▸ **WHAT YOU ARE ASKED TO DO**:
Since the records include pictures, leave those out while you reproduce exactly and only the lines from the one containing "Transportation Services Web Design 4" through the one containing "Placa Interface Compatível", inclusive.
━━━━━ ENTRIES SHOWN ━━━━━
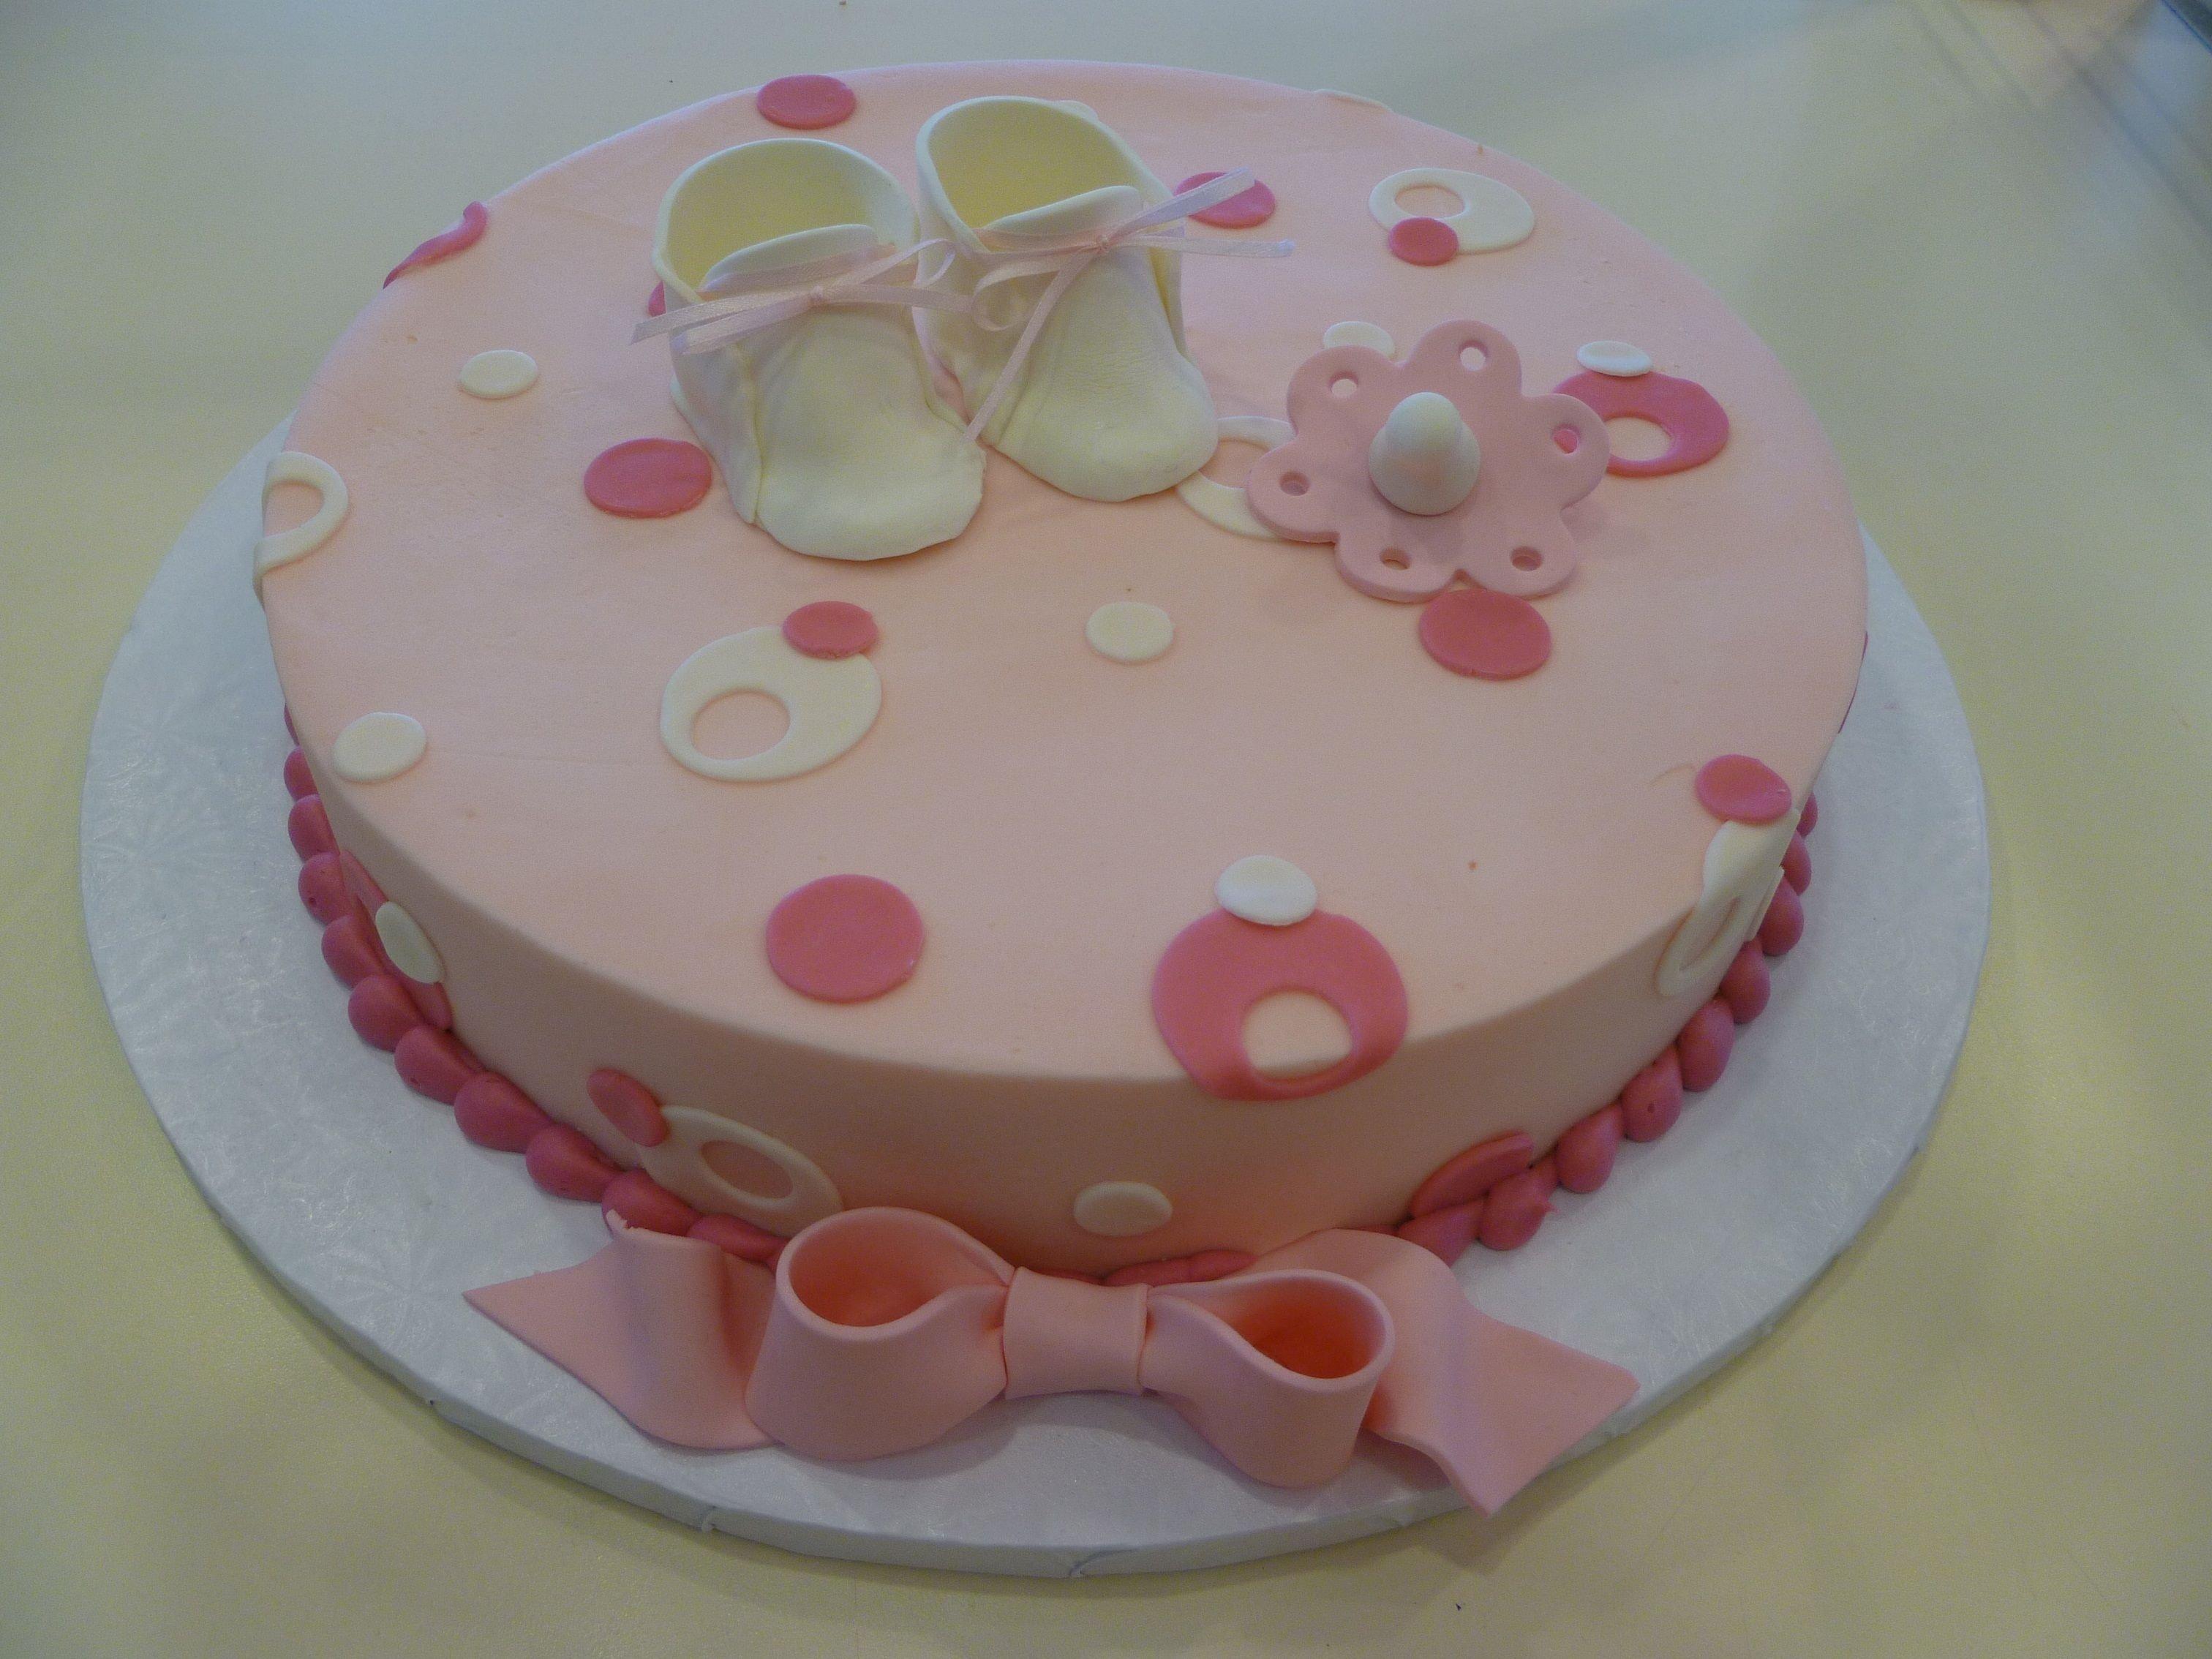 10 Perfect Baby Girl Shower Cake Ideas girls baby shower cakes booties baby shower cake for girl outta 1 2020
━━━━━
━━━━━ ENTRIES SHOWN ━━━━━
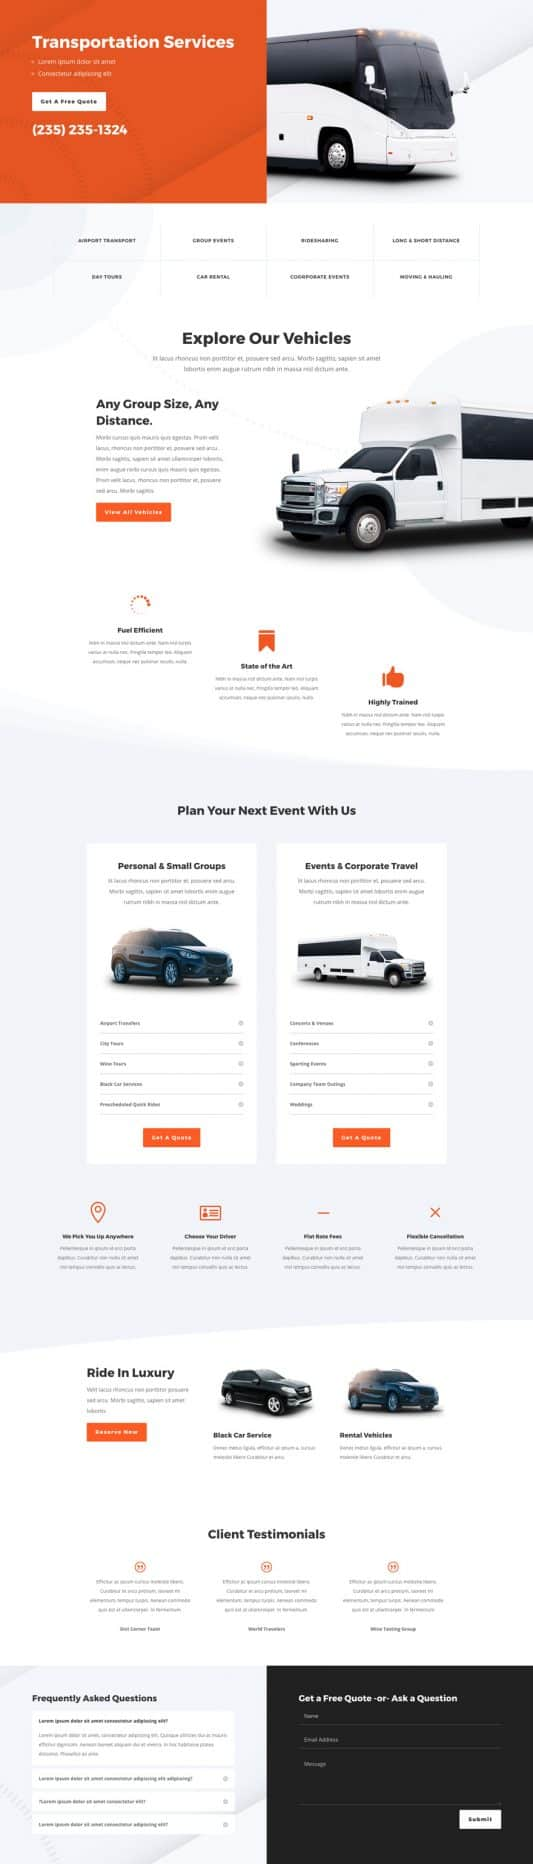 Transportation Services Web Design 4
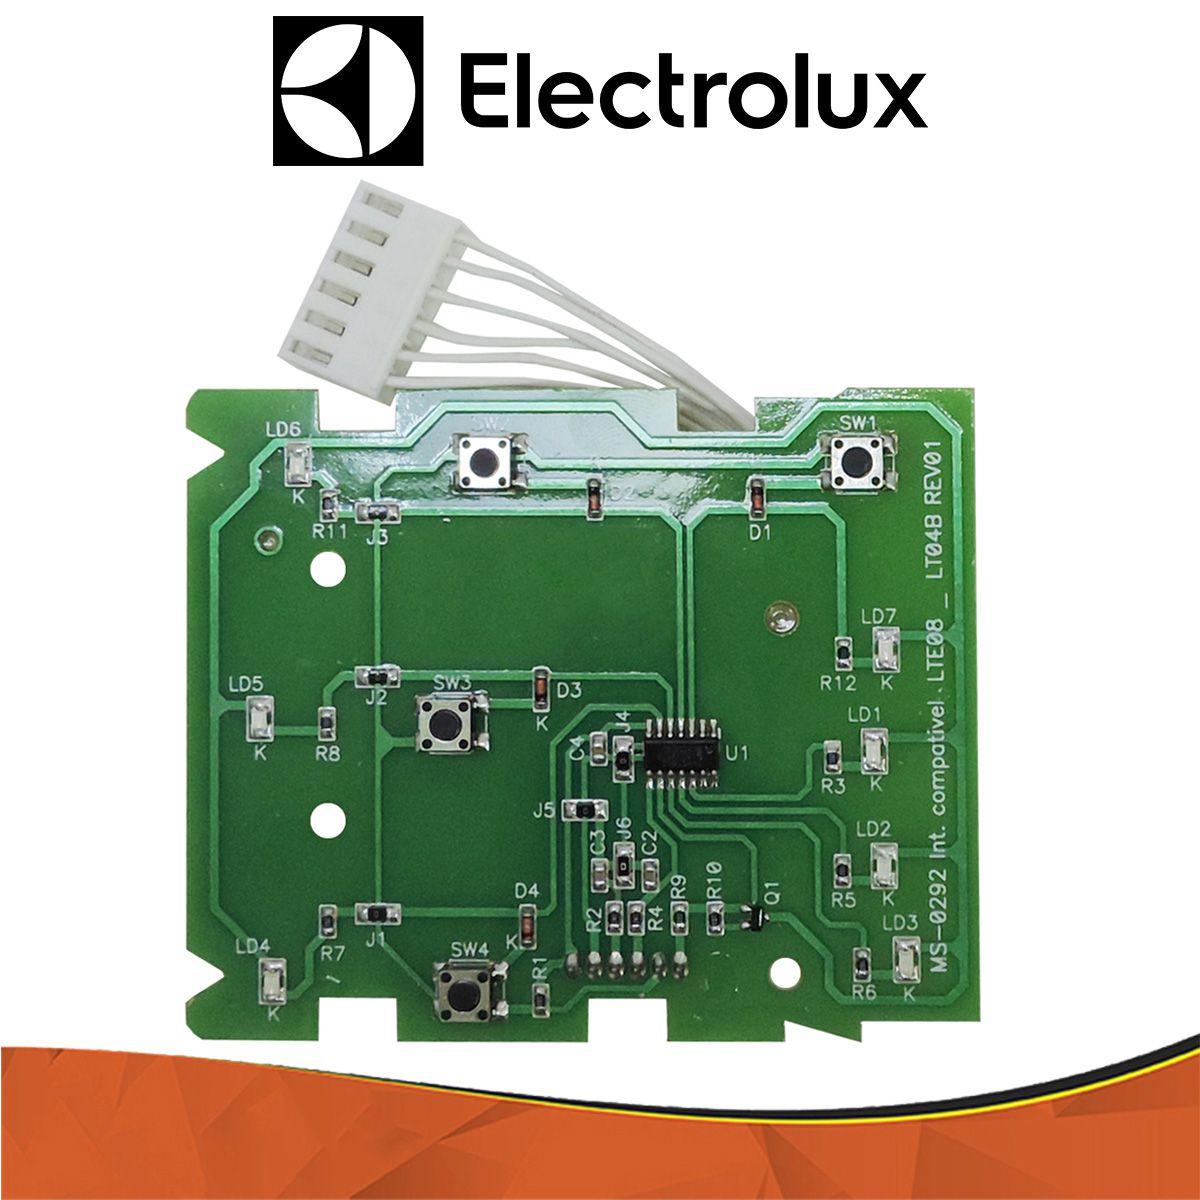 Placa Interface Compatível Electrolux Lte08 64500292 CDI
━━━━━
━━━━━ ENTRIES SHOWN ━━━━━
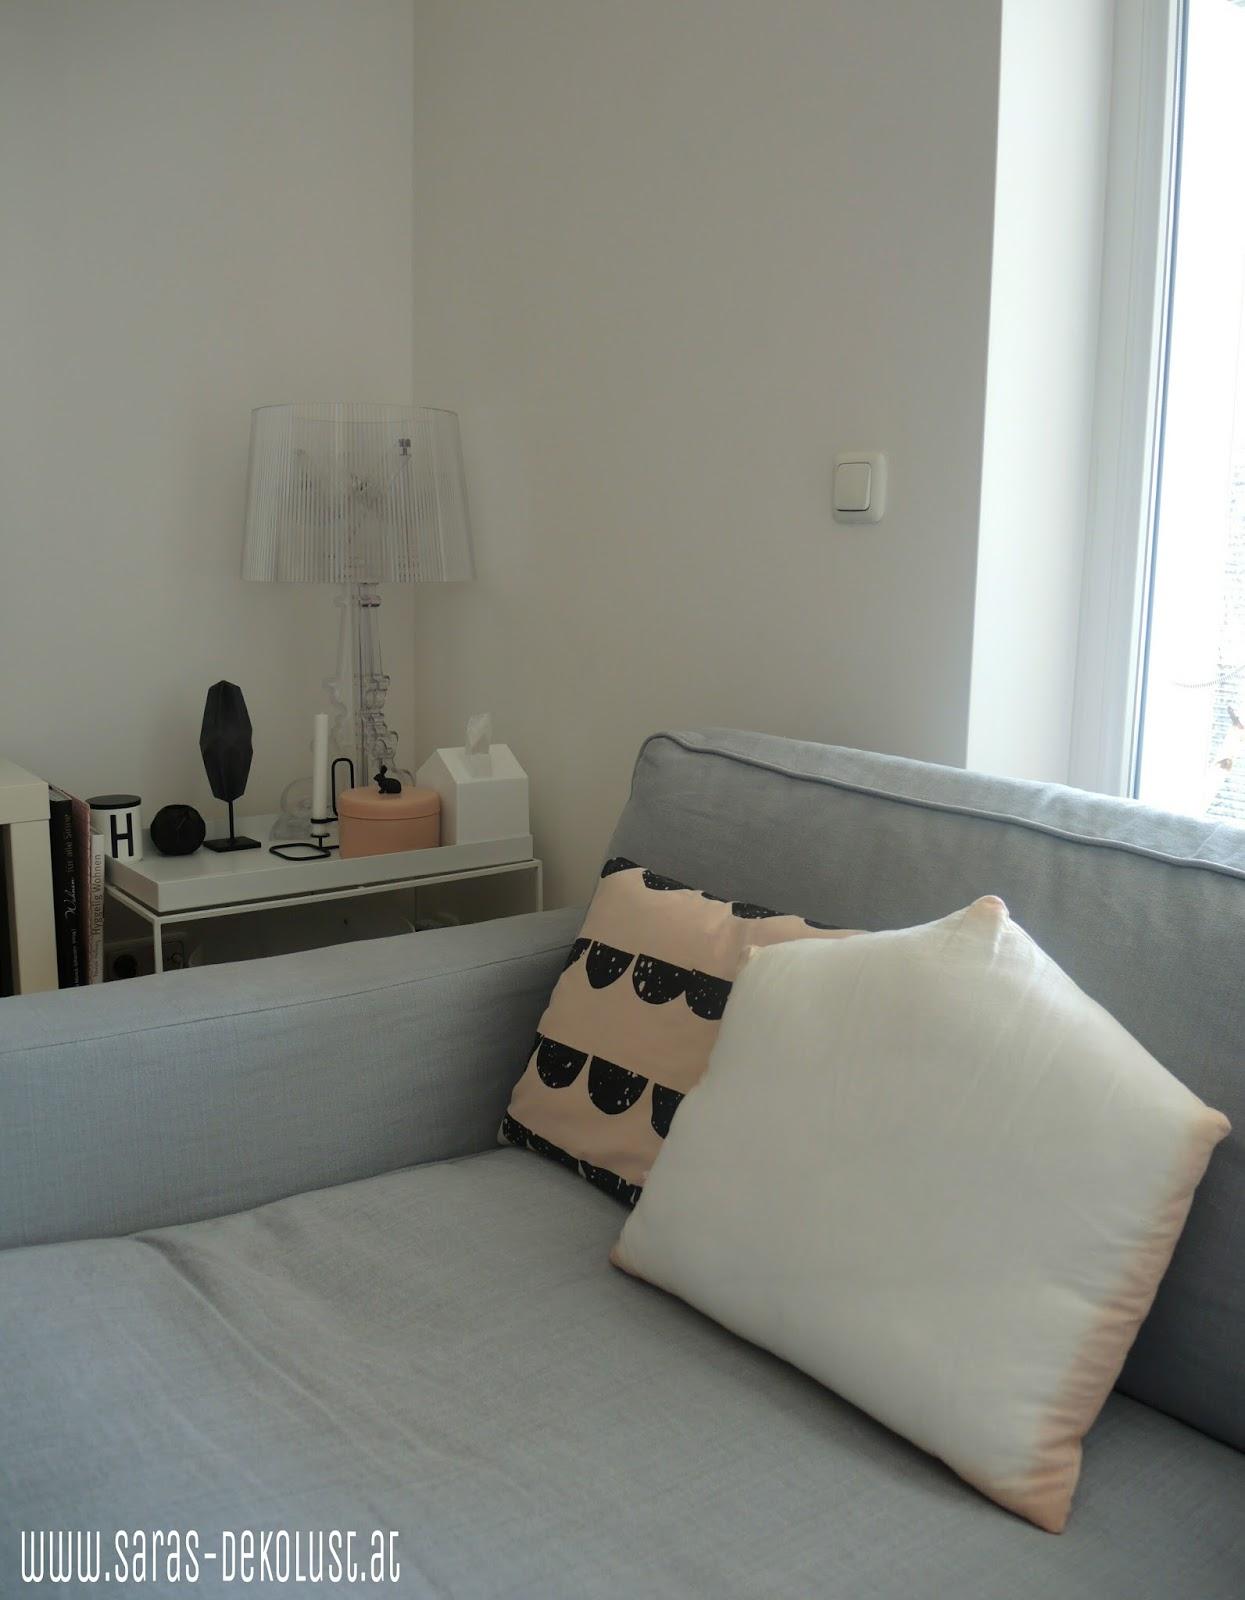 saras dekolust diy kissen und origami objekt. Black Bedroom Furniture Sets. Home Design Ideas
━━━━━
▸ **TASK RESULT**:
 Transportation Services Web Design 4
 Placa Interface Compatível Electrolux Lte08 64500292 CDI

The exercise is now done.